First, you’ll need to field requests from the different governmental agencies for their ‘fair’ share of the budget increase. Each request will have the name of the agency, the proposed increase, and the current budget of the agency. The names of the agencies always have a prefix with the member of the royal family responsible for the agency. There are currently five members of the royal family in charge of agencies: the Queen, the Prince, the Duke, the Crown Prince, and the Princess. For example, an agency’s name might be: “The Queen’s Agricultural Research Agency”, or “The Crown Prince’s Taxation Office”.

You’ve decided on a simple heuristic for giving out budget increases:

  1. If the agency is run by the Crown Prince, you’ll reject any proposals for budget increases that would increase that agency’s budget by more than 2%. Similarly, 3% for the Princess, 4% for the Prince, 5% for the Queen, and 6% for the Duke. These are the ‘baseline’ budget percentage increases you’re willing to accept.

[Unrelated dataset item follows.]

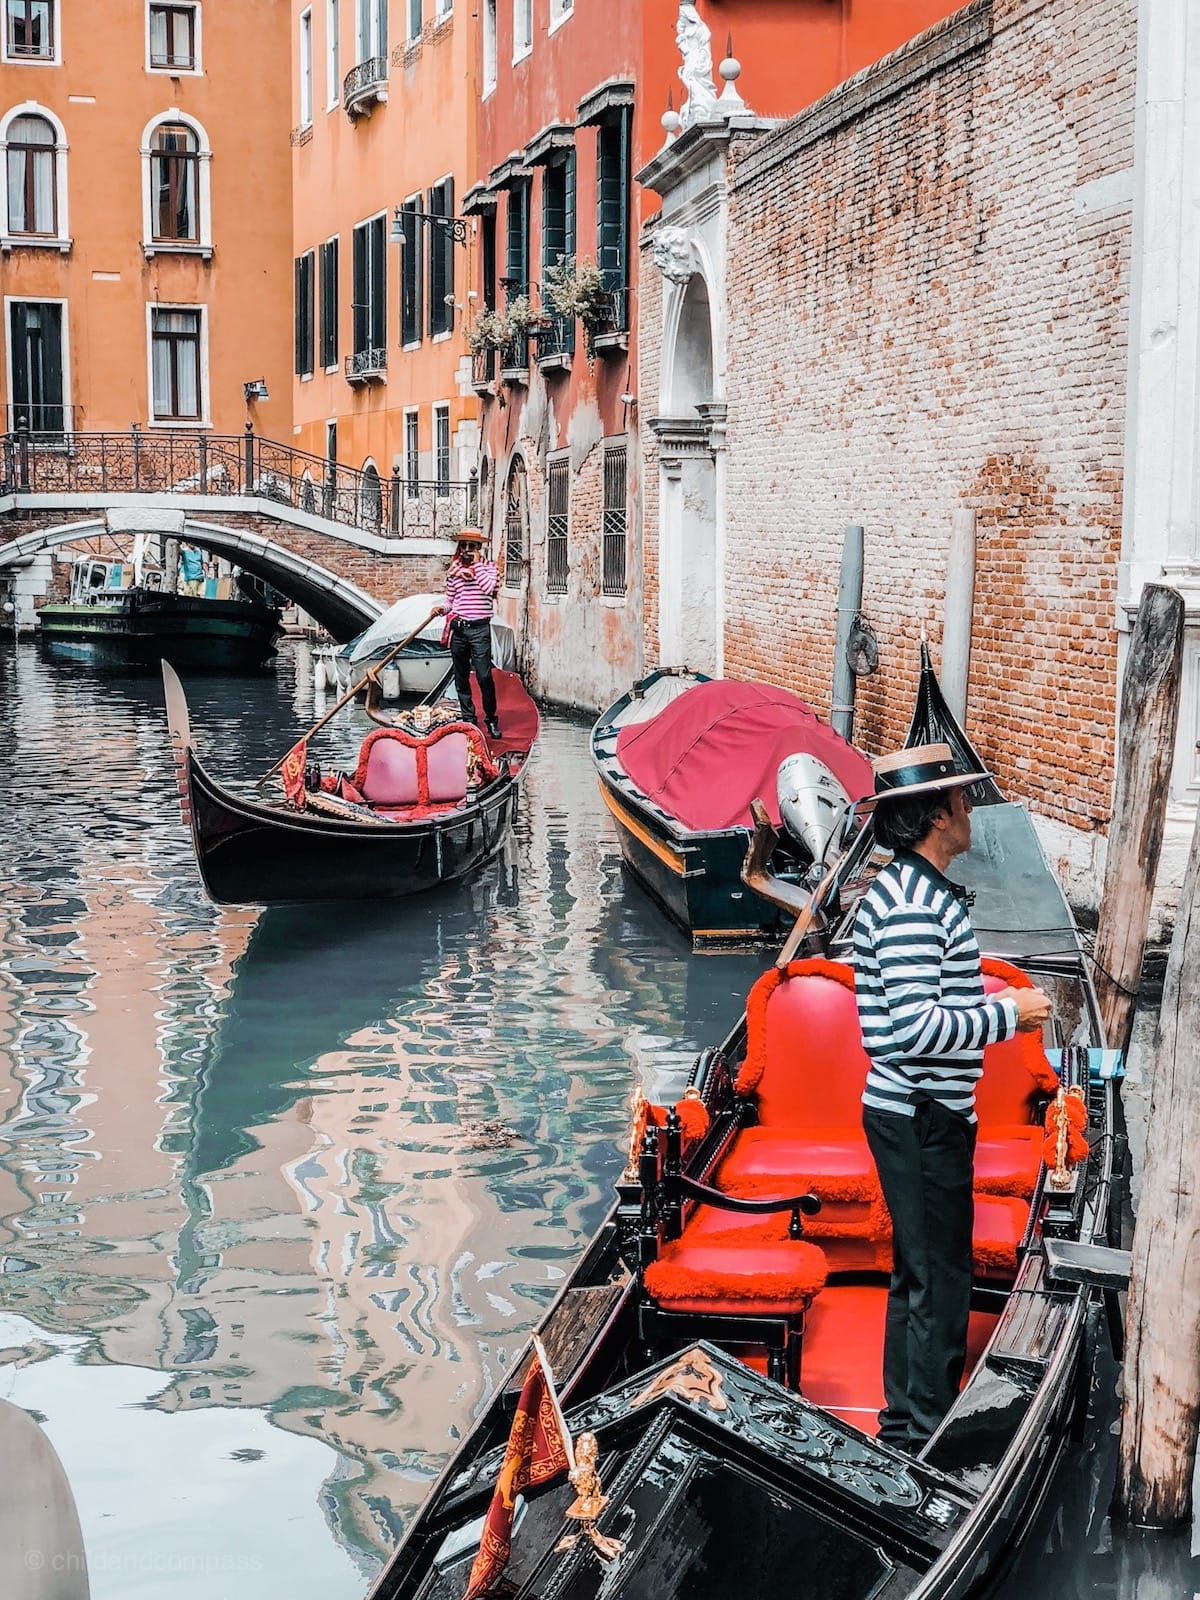 Venedig Sehenswürdigkeiten, Städtereise nach Venedig Städtetrip, Kanäle und Brücken in Venedig, Gondeln, Urlaub in Italien

  2. There are a few keywords that will increase or decrease the ‘baseline’ percentages. If the agency name has “Research”, “Education”, or “Lapidary” in it, you’ll increase the ‘baseline’ percentage by 10% (for each keyword present, up to 30% total). This is your only chance to influence the priorities of the kingdom after all; it’d be a crime not to advance your personal interests a bit. On the other hand, if the agency name has “Personal” in it, decrease the ‘baseline’ percentage by 2%. There are quite a few agencies that are thinly veiled bribery conduits for court members, and they usually have “Personal” in their names.

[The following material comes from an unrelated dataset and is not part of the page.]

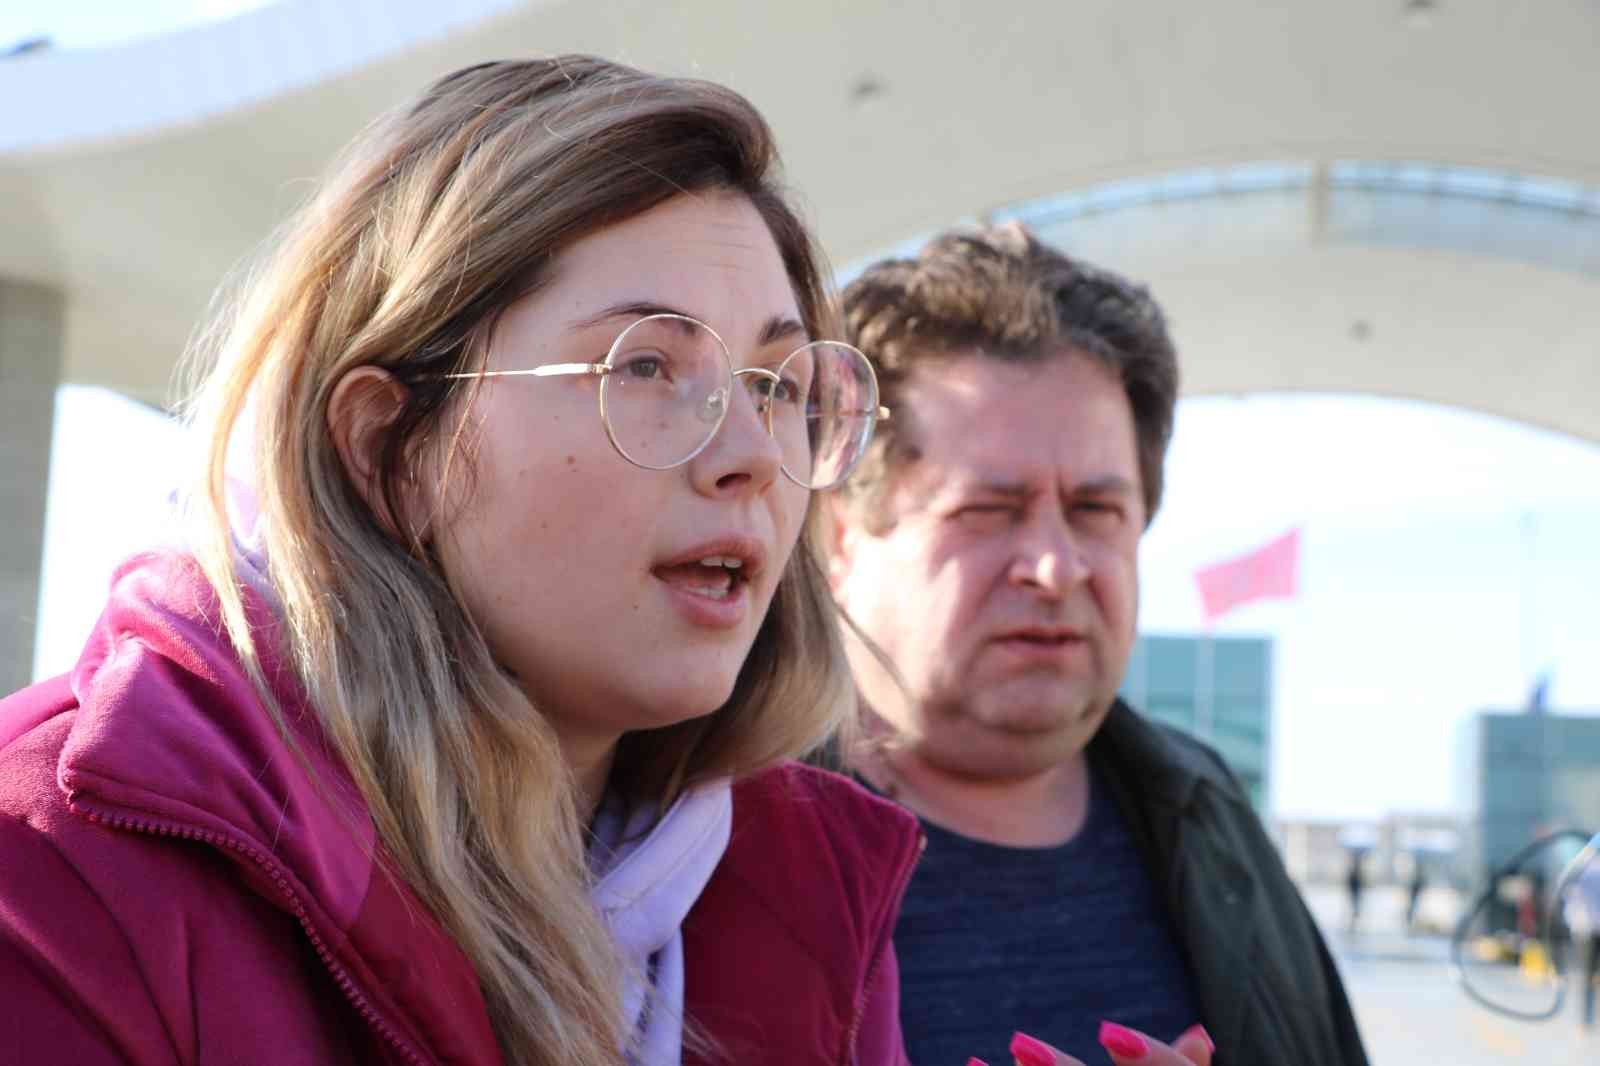  Rusya’nın Ukrayna’ya saldırısı nedeniyle ülkesini terk edip Türkiye’ye gelen Ukraynalı genç kız gözyaşları içerisinde yaşanan dramı anlattı ...

  3. If the agency has already had a budget increase that’s been approved, reject all other proposed increases for the same agency. You suspect that once you accept a proposal has been approved, the agency will “suddenly” find additional justifications for larger budget increases. You won’t accept any of them.

With those rules in mind, you want to build your AVL tree using the total amount (not the percentage) of the increase for a given agency. This will (hopefully) help downplay the large percentage increases you want to give to smaller agencies. The nodes of your AVL tree should be organized using those budget amounts, and have the agency’s name as additional data. For ties of budget amounts, treat the newly inserted node as though its budget amount was less than the node with the same budget amount already in the AVL tree.

Once you’re done building the AVL tree, you want a way to quickly traverse it in order, printing out the agency names with their associated budget increase amounts.

Assignment

Write a well-documented, object-oriented program using Java 25 (it is recommended you do a fresh install of Java and whatever IDE you prefer to use) that takes in an input file of budget proposals, and outputs the in-order traversal of the resulting AVL tree, and the height of the tree (described in Output). You must implement an efficient rotation method for inserting new nodes into your AVL tree. You must include in your documentation how your rotation method works, and why you chose to implement it in the way you did. Name this program: “avl_tree.java”. Your program will be graded on functionality, rotation method efficiency, and on the style guide requirements.

Input

The input file, taken from a command line argument, will be a .txt file with a series of budget proposals, as shown in this example input file. Your program should run with a command line such as this: “java avl_tree input.txt”.

Output

Your program should output to the terminal (‘stdout’) the in-order traversal of the AVL tree, given the input file. After the in-order traversal, the program should print the height of the tree. This height is equal to the maximum height of any node in the AVL tree (aka, the height of the deepest level of the tree). The root is considered to be height 0, its child nodes would be of height 1, etc. The output for the example input file would be:

“The Prince’s Department of Bridges (and to a lesser extent, tunnels); .5

The Queen’s Office of Diplomatic Coordination; 4

The Duke’s Department of Fair Judgments; 6

The Princess’s Department for the Education of Common Household Pets; 13

The Duke’s Agency for the Education on and Research of Lapidary; 36

2”

Hints

Note that you don’t need to implement any ‘deletion’ functions for the AVL tree.

For an efficient rotation method, consider how you might use recursion (both in the initial search/insertion, then in identifying potential pivots).

You may also share input files with other students, as well as the associated terminal output, to ensure your code is well-tested.